Databases and spreadsheets

Although databases and spreadsheet software serve different functions, they are often used in similar ways to collect and store data (i.e., in rows and columns). This section focuses on data created using basic spreadsheet software (Excel) or more advanced statistical analysis programs (SPSS, STATA, etc.).

Databases

Databases can be categorized based on their structure.

Spreadsheets are the simplest form of database and typically consist of one or more sheets containing tabulated data. Spreadsheets may also include formulas, images, charts, and tables, as well as additional values, such as a column total calculated using different formulas.

Databases generally include more than just values and metadata. Users often interact with databases via forms used for data entry or calculations. These forms can be considered part of the database, even though they are separate from the stored values. Queries, results, and reports may also be viewed as ‘non-data components’ of the database. If these elements are essential for understanding or reusing the material, they should be stored alongside the database.

Types of databases

Hierarchical databases use a tree structure to store data in a parent-child relationship. Each record has a ‘parent’ that may have one or more ‘children,’ which in turn may have their own ‘children.’ This system is fast at retrieving individual records and allows easy addition or deletion of information, but it is memory-intensive and makes it difficult to link and mark relationships between ‘children’ in different parts of the structure.

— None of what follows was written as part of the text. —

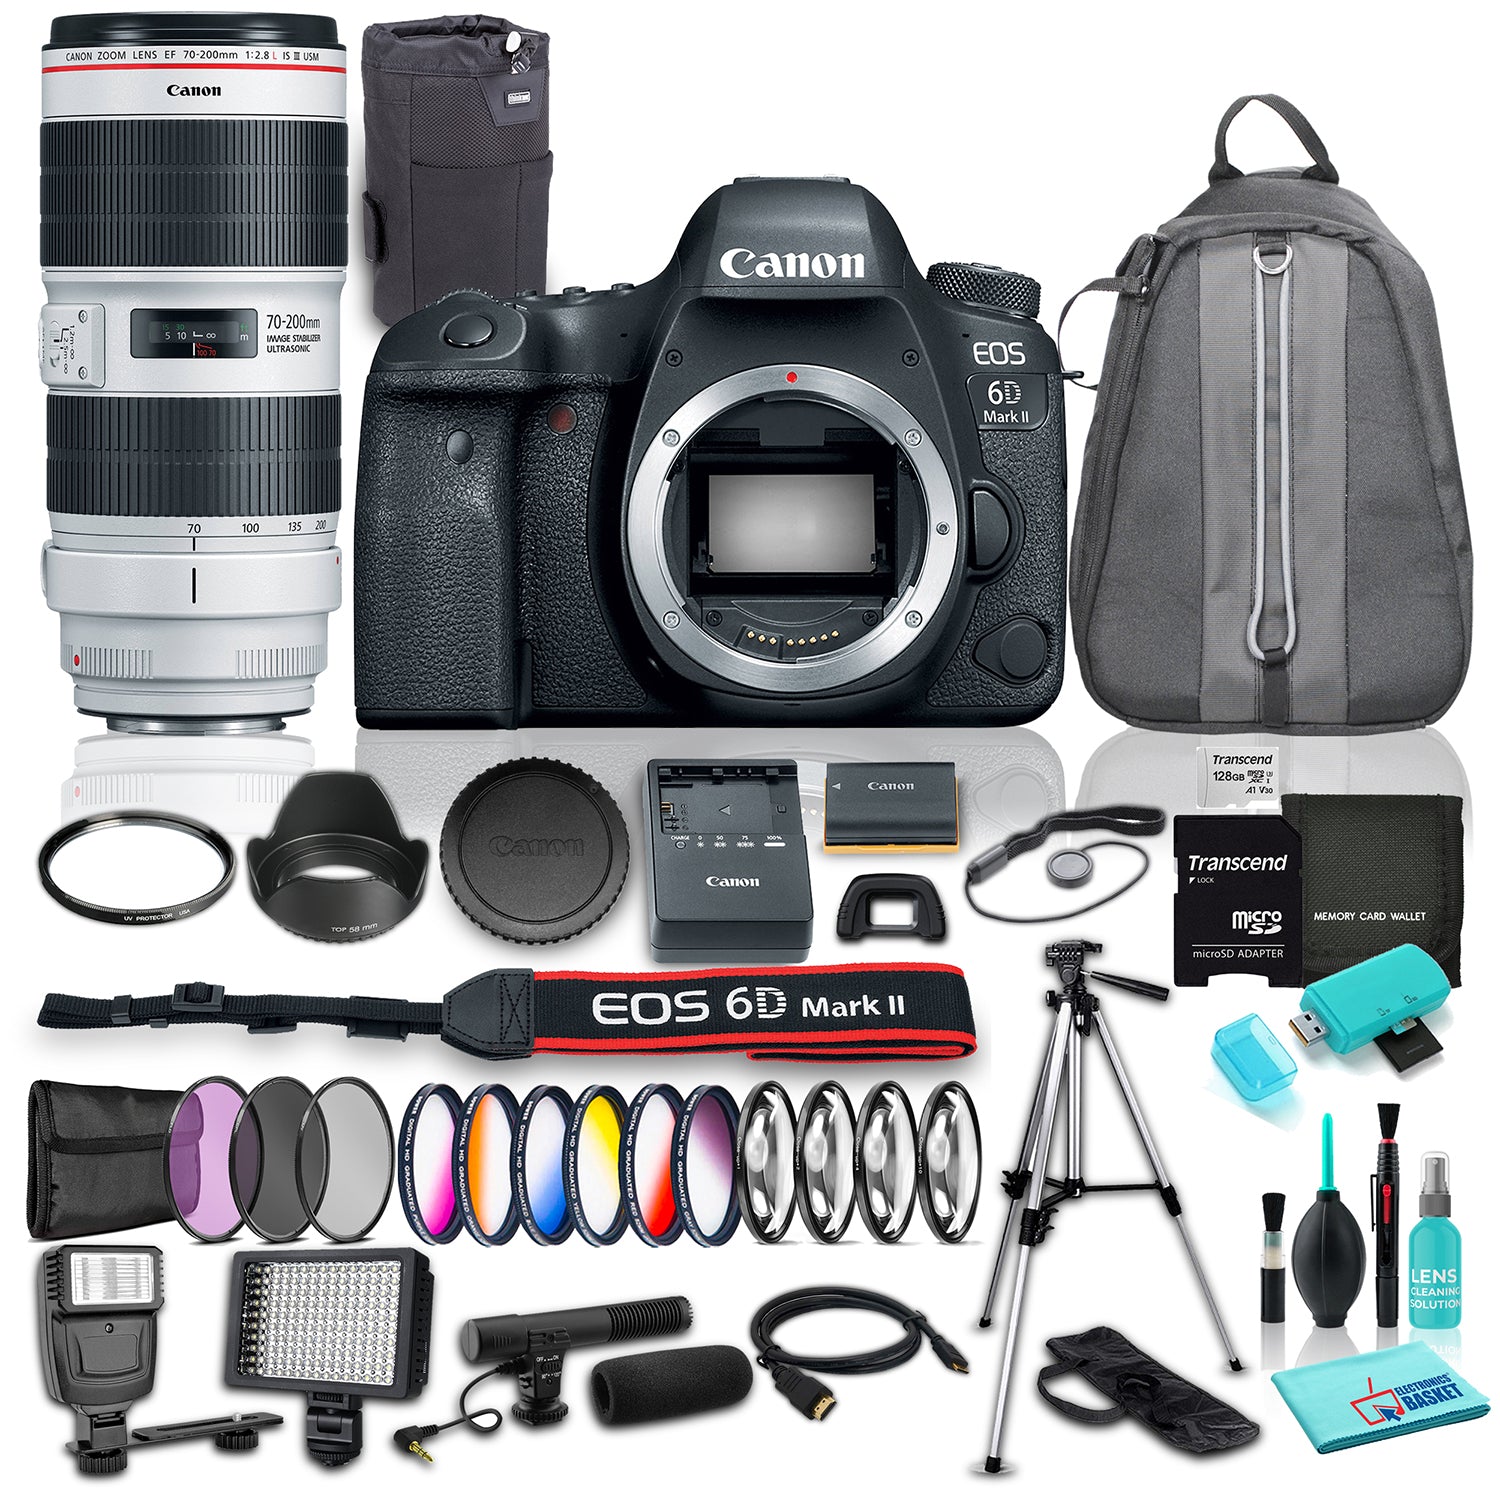 Canon EOS 6D Mark II DSLR Camera (Body Only) w/ Canon EF 70-200mm f/2.8L IS III USM Lens Bundle w/ 17 Piece Accessories

Rectangular databases are structured like spreadsheets, with data arranged in horizontal rows and vertical columns, where different values or attributes are assigned to the object being studied.

Relational databases organize data into separate tables based on shared attributes. These tables are linked using key fields. A combination of one or more key fields can create a unique key.

Object-oriented databases store complex objects, such as multimedia files and CAD objects. Data are not typically stored in the database itself but as attributes within objects. When an application queries an object-oriented database, it may not search the database directly but instead instruct the object to execute a specific routine and return a result.

Key considerations

Spreadsheets can be shared in common formats (.xlsx, .ods) or exported as delimited text files (.csv, .tsv). These file formats are well known and widely supported, so compatibility issues are rare. In practice, the way data are structured within the file and how it is documented are more likely to affect its reusability. For delimited text files (.csv, .tsv), each file should contain a single logical table, with the first row serving as variable names or column headers, followed by data entries in subsequent rows.

Database files are less commonly used than spreadsheets, and many secondary users may find database files difficult to handle. To improve reusability, it is often helpful to export database contents to delimited text (.csv), provided that important relationships between tables are not lost.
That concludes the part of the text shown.